A framework for building a (universal) LLM agent
Here we propose an intuitive framework for building a universal LLM agent, that is coherent with the AOP paradigm. As defined in the “Definitions” sections, there are two types of tasks:
• Atomic: that can be executed by tools without need for planning and reasoning
• Composite: that need LLM intervention for planning and reasoning over the input and intermediary results.
Agents are only relevant when solving complex tasks. To solve a complex task, the agent does the following:
Input: Given an objective O:
Plan: this step is similar to the Map step in Map-Reduce. • Divide the task into subtasks, with defined inputs and outputs • For each subtask, decide and attribute priority • Decide concurrency amongst tasks • For each subtask, pick the most useful tool (Note: it can be another agent, slave agent) Note: it is important to note that the Plan can be updated over time based on changes in the context that is accessible to the agent.

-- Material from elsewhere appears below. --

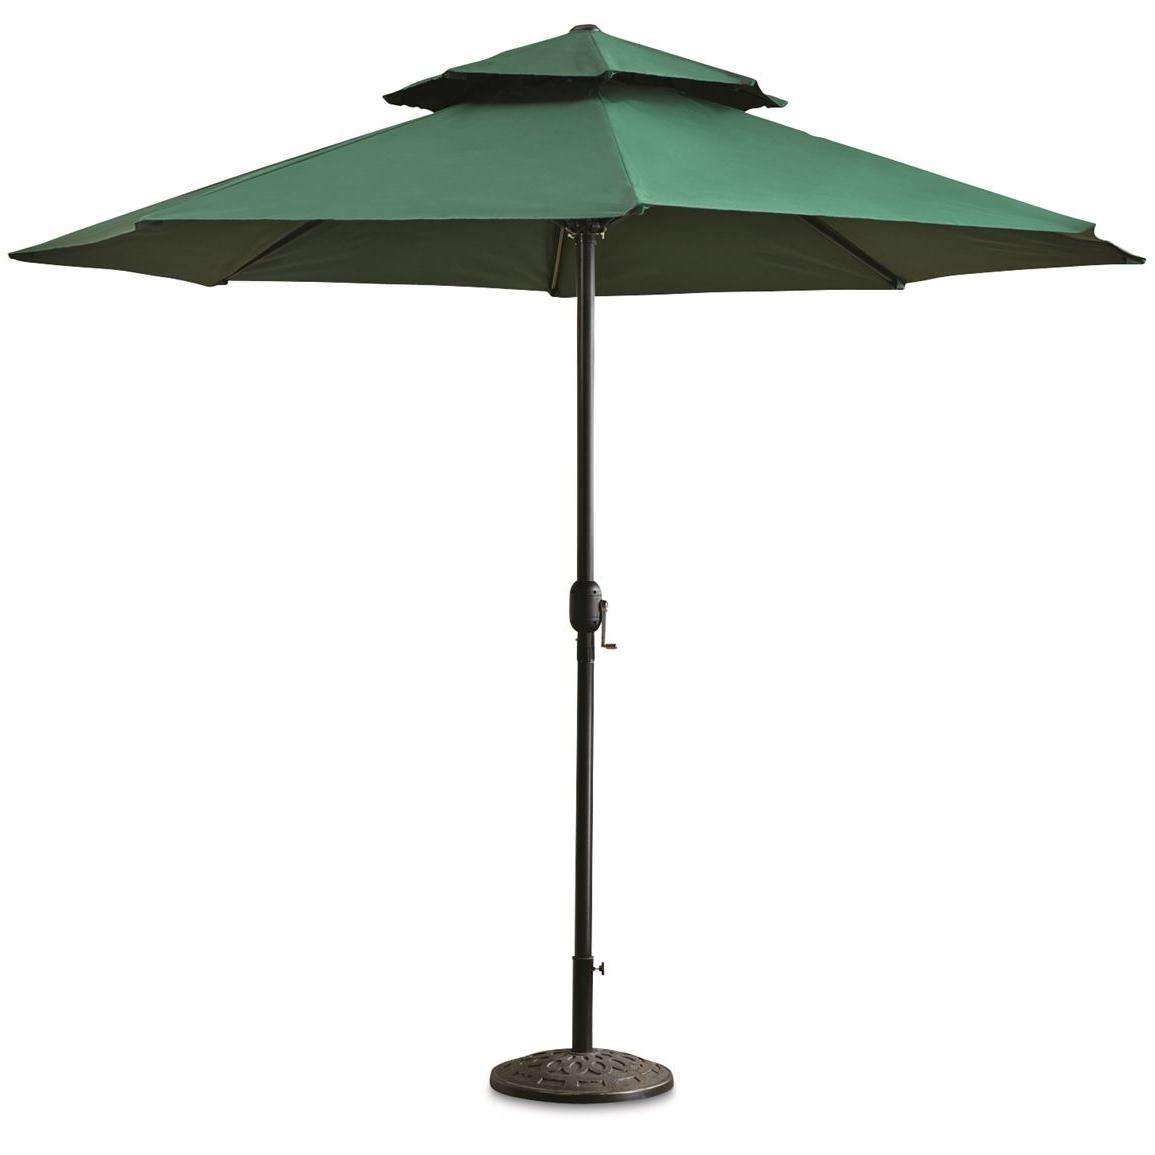 Castlecreek 10' Double Layer Patio Umbrella – 678520, Patio Pertaining To Fashionable Green Patio Umbrellas (View 3 of 20)

For each subtask, launch execution according to decided priority and concurrency
For each subtask execution, evaluate the returned result: (a) If the result is good: keep the result (b) Else, launch a corrective task
Aggregate and return: this step is similar to the Reduce step of MapReduce. It consists of Aggregating results of all subtask executions and return the final result.
AOP: Agent Oriented Programming framework
Output: Return a final result for O.
As can be noticed, this framework is an adaptation of the ReAct framework to distributed agents and complex tasks. We suggest the name: PAIR for: Plan, Act, Iterate, Return. Note that this framework allows for recursion: a subtask can be the objective of another agent, which also can use other agents as tools and so on.
Conclusion
LLMs are changing the way we write software, moving from pre-defined static code written by humans to dynamically generated code based on a changing context. The software building block used to be functions, classes and objects. In the new paradigm, the building blocks are: • a reasoning engine: LLM • LLM agents • and tools In this paper we contributed some ideas to inch closer to this new paradigm. We will keep iterating on this paper and we will release the AgentChain code in the near future.